Conservative management is appropriate for mild to moderate ischemic colitis without signs of peritonitis or bowel necrosis. Treatment includes bowel rest, intravenous fluid resuscitation, correction of hypotension, electrolyte imbalances and discontinuation of offending medications. Broad-spectrum antibiotics are often administered to prevent bacterial translocation. Pain control and close clinical monitoring are essential. Most patients respond well to conservative therapy with complete clinical and endoscopic recovery ^[19].

Surgical intervention is indicated in patients with severe ischemic colitis complicated by bowel infarction, perforation, persistent bleeding, or failure of conservative management. Surgical options include segmental colectomy or subtotal colectomy depending on disease extent. Emergency surgery is required in cases of peritonitis or gangrene. Postoperative morbidity and mortality are significant, particularly in elderly patients and those with comorbidities. Early surgical consultation improves outcomes in high-risk cases ^[20].

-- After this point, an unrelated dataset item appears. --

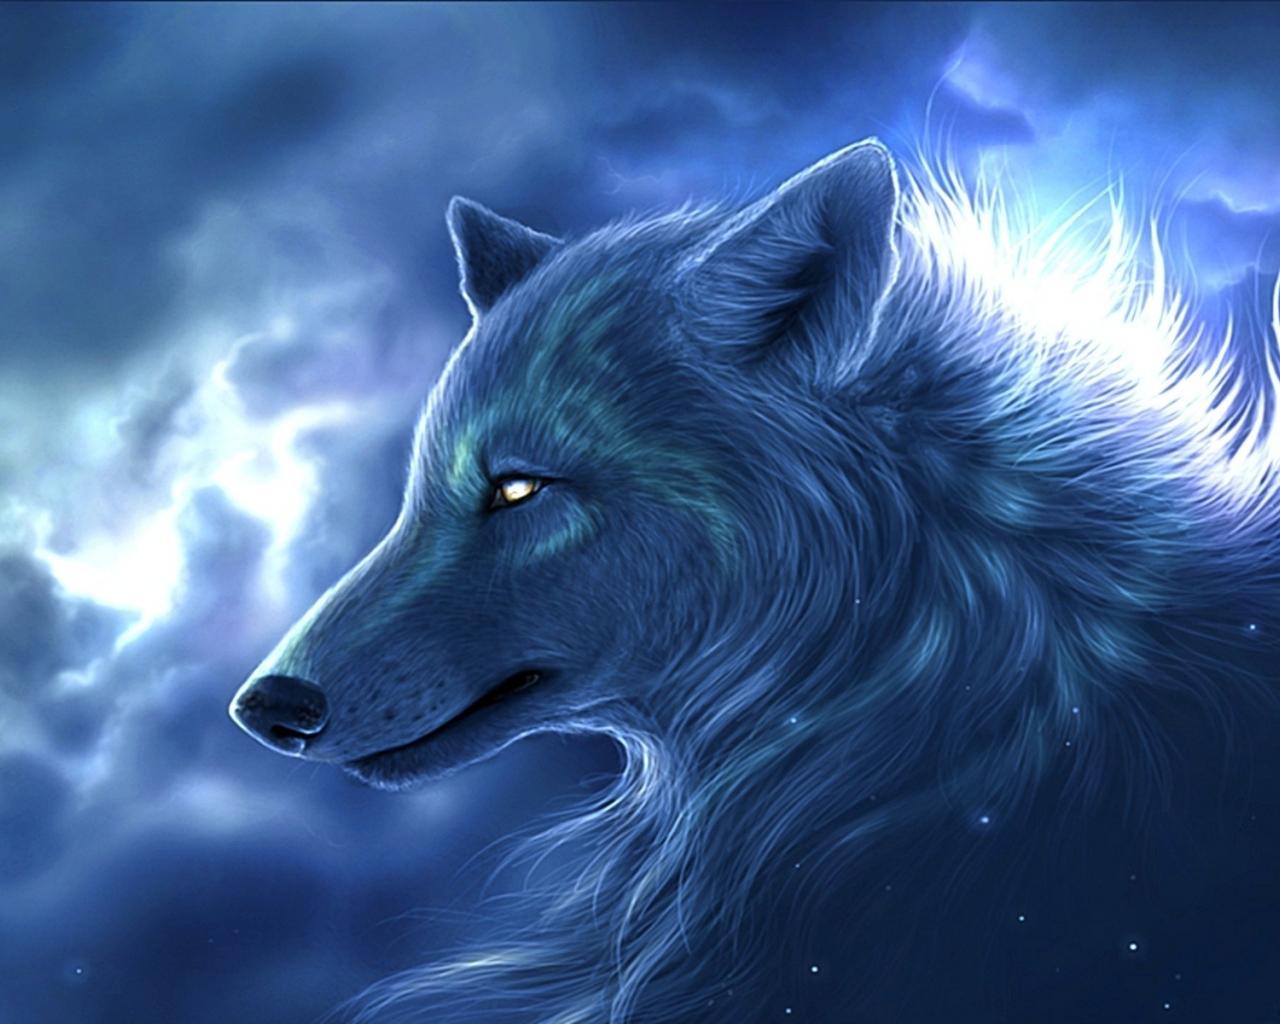 Spirit Animals Wallpaper Wolf 3 HD Wallpaper Animals Wallpapers 1280x1024

Left-sided non-occlusive ischemic colitis without classical risk factors represents a rare and atypical clinical entity characterized by ischemic injury confined to the left colon in the absence of major vascular disease or systemic hypo perfusion. The condition is thought to result from transient microvascular dysfunction or localized hypo perfusion rather than large-vessel obstruction. Clinical presentation may be subtle and mimic other forms of colitis, leading to diagnostic delay. Colonoscopy typically reveals segmental ischemic changes, while imaging excludes mesenteric vessel occlusion. Recognition of this rare presentation is crucial to ensure timely diagnosis and appropriate conservative management ^[21]. Here we report a case of Left-sided non-occlusive ischemic colitis was confirmed by symptoms and diagnosed through CT scan, colonoscopy, biopsy and effectively managed with conservative therapy.

Case Presentation

A 59 years old female was presented with complaints of more than ten days of left-sided abdominal pain, increased bowel frequency, and intermittent passage of small quantities of stool without hematochezia, had an history of intermittent constipation for six month, altered bowel habits for one week before hospitalization. She had an past medical history of hypothyroidism, hypertension, type II diabetes mellitus and was on medication.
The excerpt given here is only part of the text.